Make sure to use the flit binary that is installed in your environment. You can check the correct path by running

which flit

Running tests

Run the unit-test suite to verify a correct setup.

Step 1 - Create a database

createuser -sP nwa
createdb orchestrator-core-test -O nwa

Step 2 - Run tests

pytest test/unit_tests

If you do not encounter any failures in the test, you should be able to develop features in the orchestrator-core.

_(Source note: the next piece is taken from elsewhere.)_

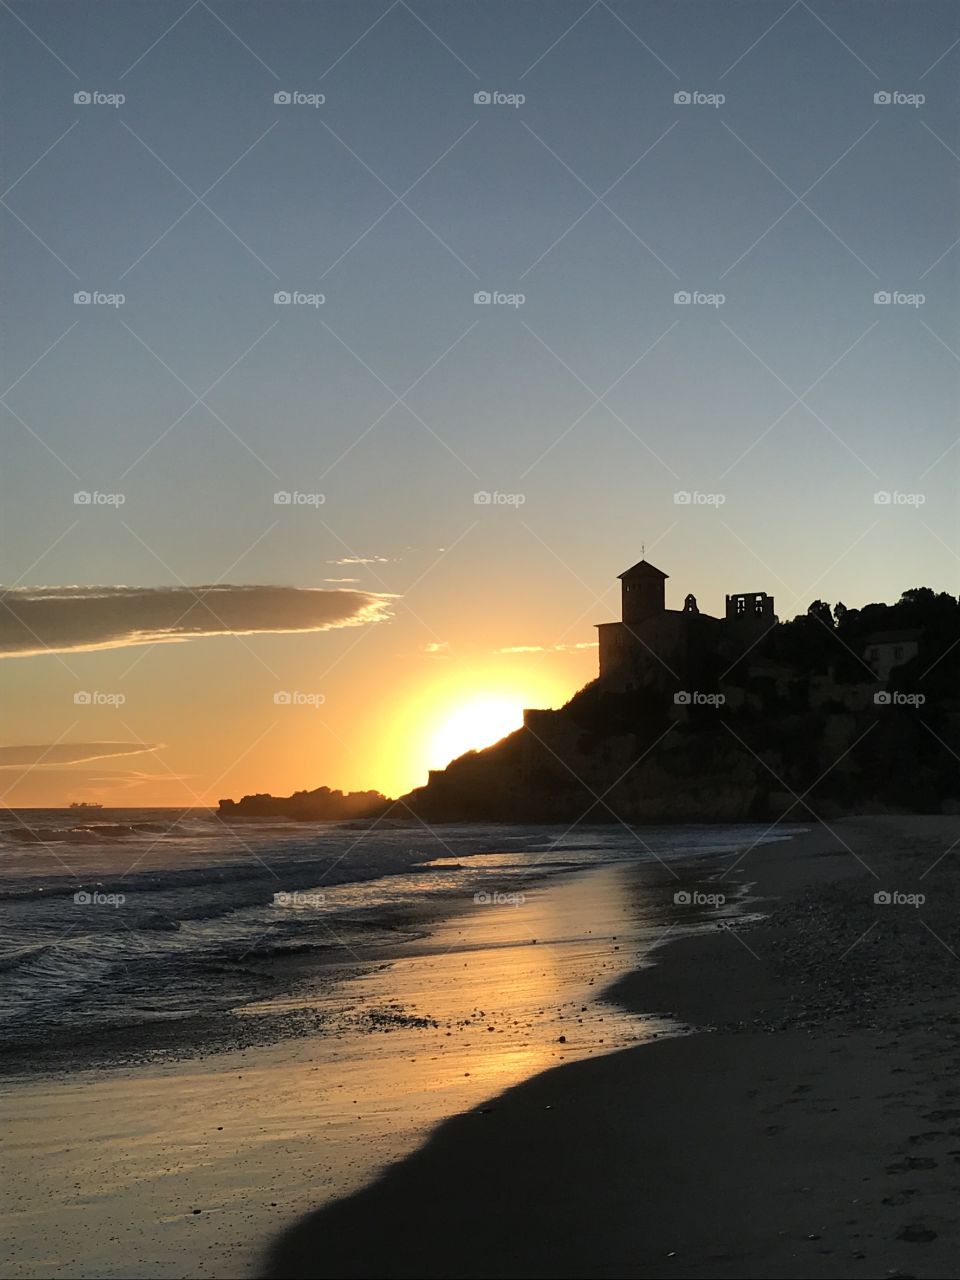 Winter sunset behind a castle

Adding to the documentation

Documentation for the Orchestrator is written by using Mkdocs. To contribute to them follow the instructions above to step 2, you can then develop them locally by running:

mkdocs serve

This should make the docs available on your local machine here: http://127.0.0.1:8000/orchestrator-core/

Useful settings

SQLAlchemy logging

WFO uses SQLAlchemy for its ORM and DB connection management capabilities.

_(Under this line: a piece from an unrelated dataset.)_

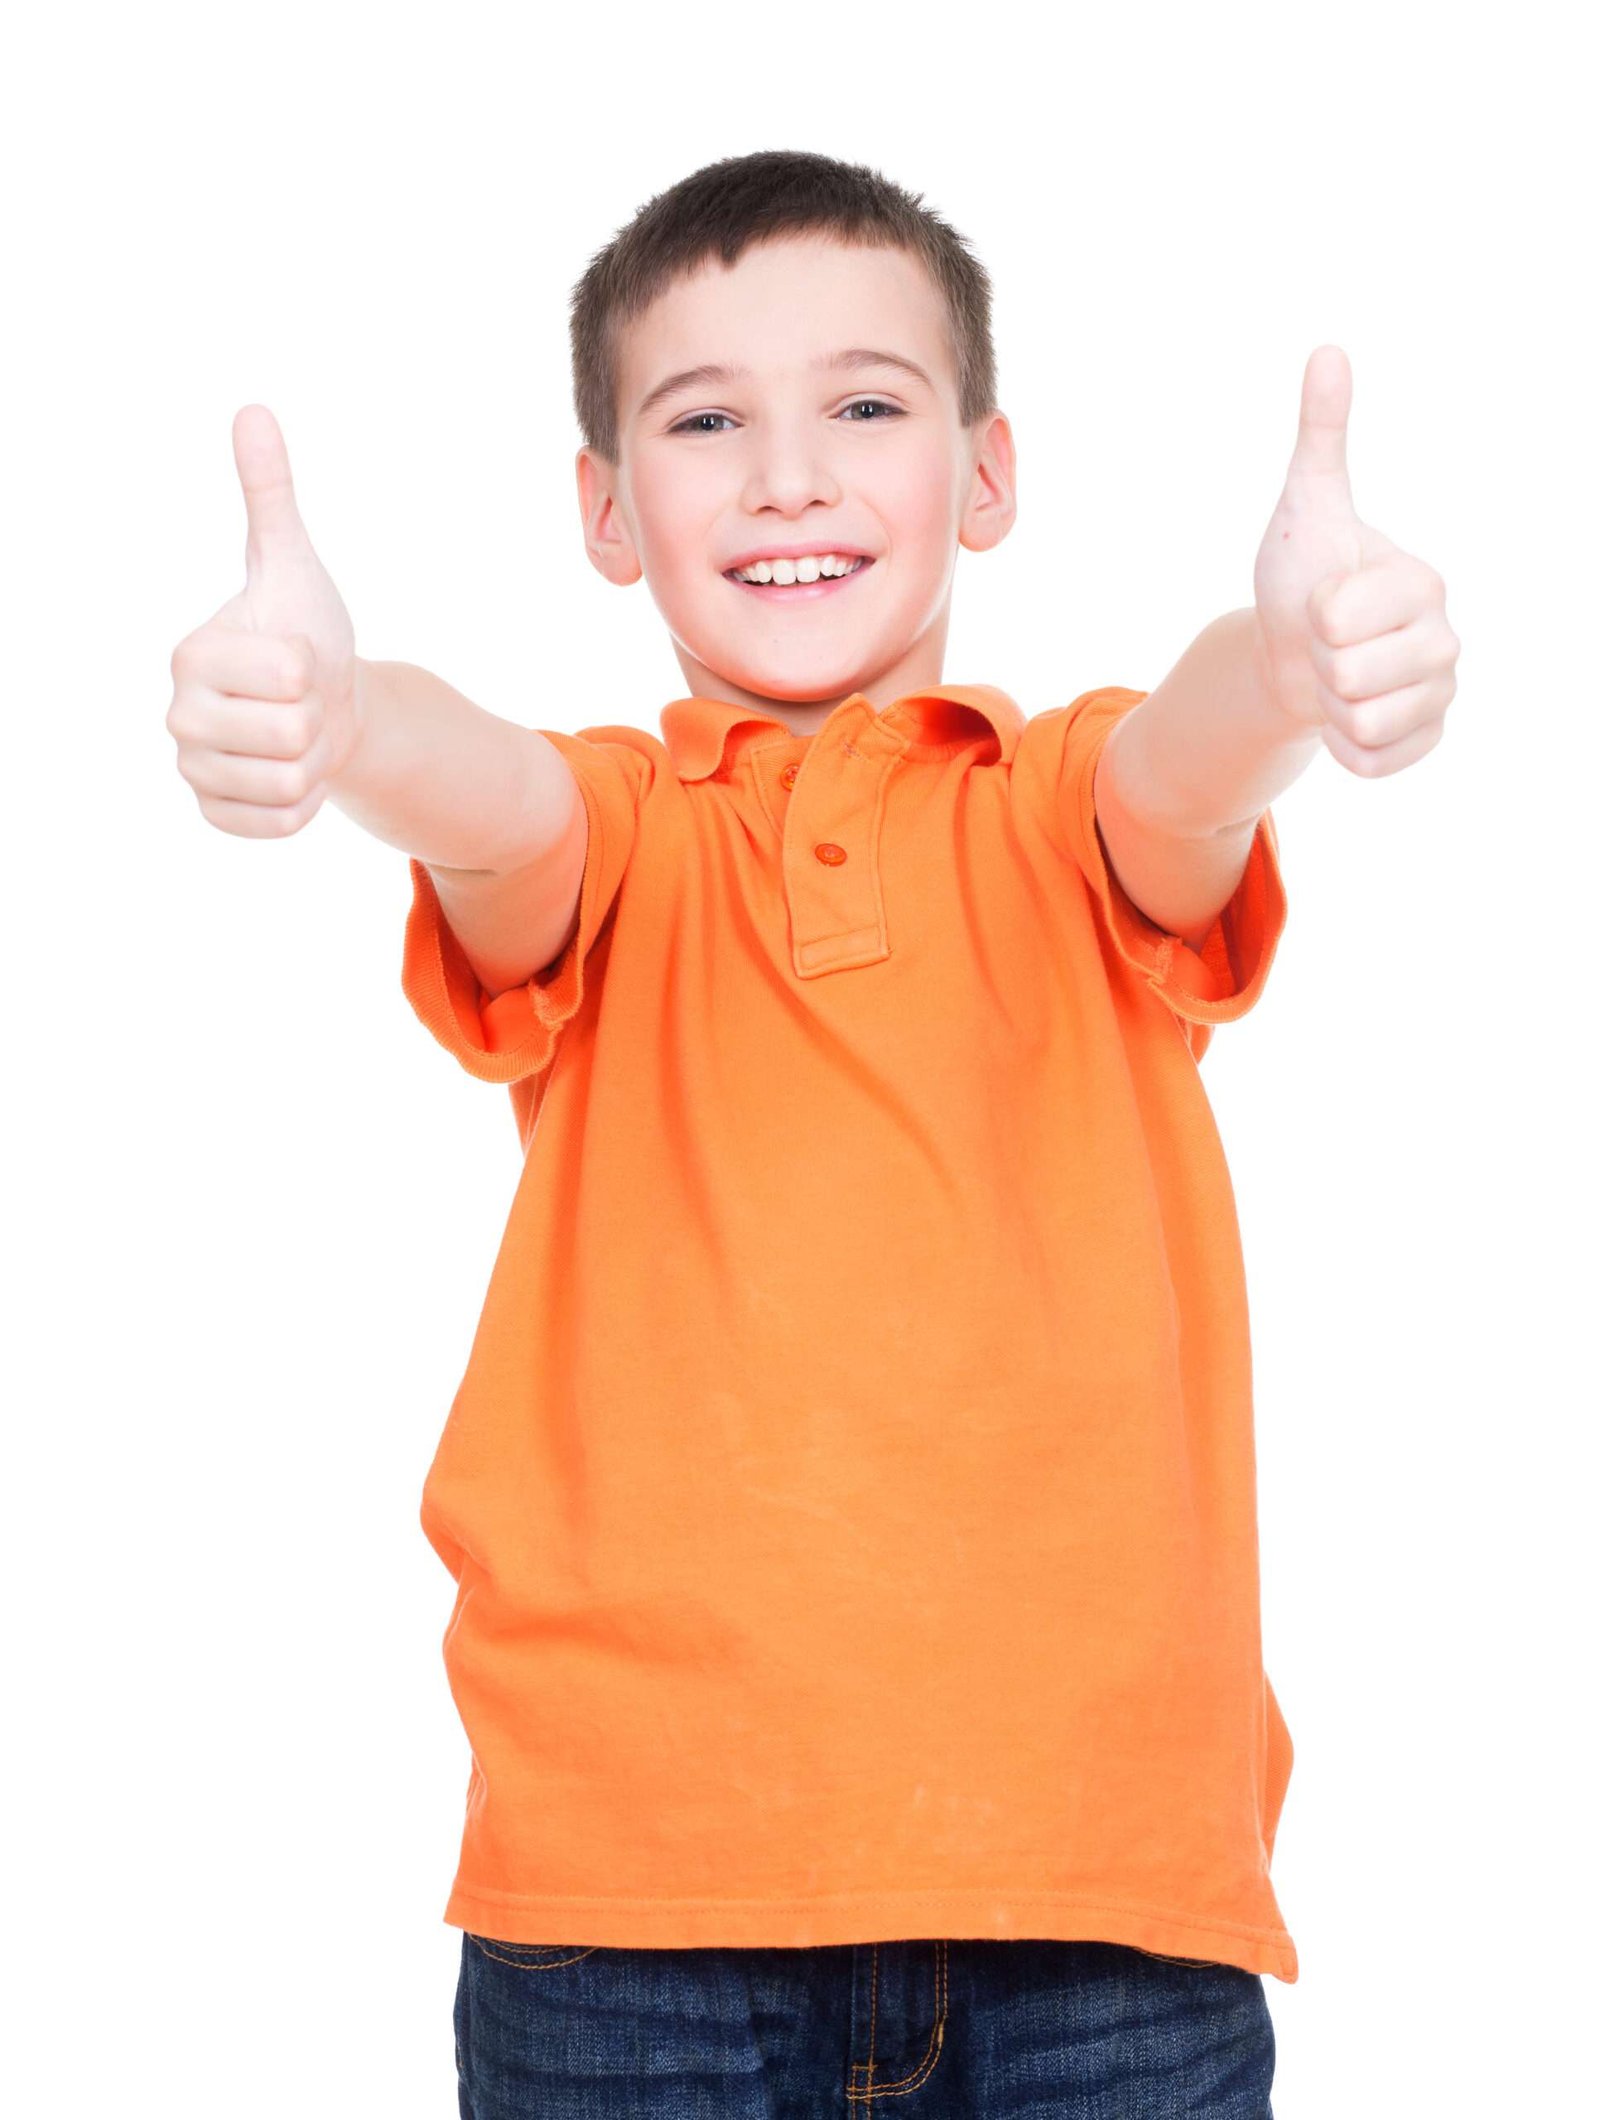 portrait-cheerful-boy-showing-thumbs-up-gesture-isolated-white-scaled

To get information about which DB queries it is performing, adjust it's loglevel through this environment variable:

LOG_LEVEL_SQLALCHEMY_ENGINE=INFO

Set it to DEBUG for even more information.

Both INFO and DEBUG generate a lot of logging! It is not recommended to use this in production.

GraphQL query statistics

To get basic statistics per executed GraphQL Query, set the following environment variable:

ENABLE_GRAPHQL_STATS_EXTENSION=true

This will add the following details to the result of the query, as well as logging them.

{
    "data": [],
    "extensions": {
        "stats": {
            "db_queries": 7,
            "db_time": 0.006837368011474609,
            "operation_time": 0.11549711227416992
        }
    }
}

The following should be noted: * this requires monitoring of executed SQLAlchemy cursor events, which may have some overhead * the number of queries can most likely be skewed by async FastAPI REST calls that take place, so it's recommended to use this in an isolated and controlled environment

GraphQL query profiling

It is possible to profile GraphQL queries by enabling the PyInstrument extension:

ENABLE_GRAPHQL_PROFILING_EXTENSION=true

This will create a file pyinstrument.html in the repository root which shows which parts of the code are taking up most of the execution time.

Note that you need to have the orchestrator-core's test dependencies installed.

This has a lot of overhead and we advise you to not use this in production.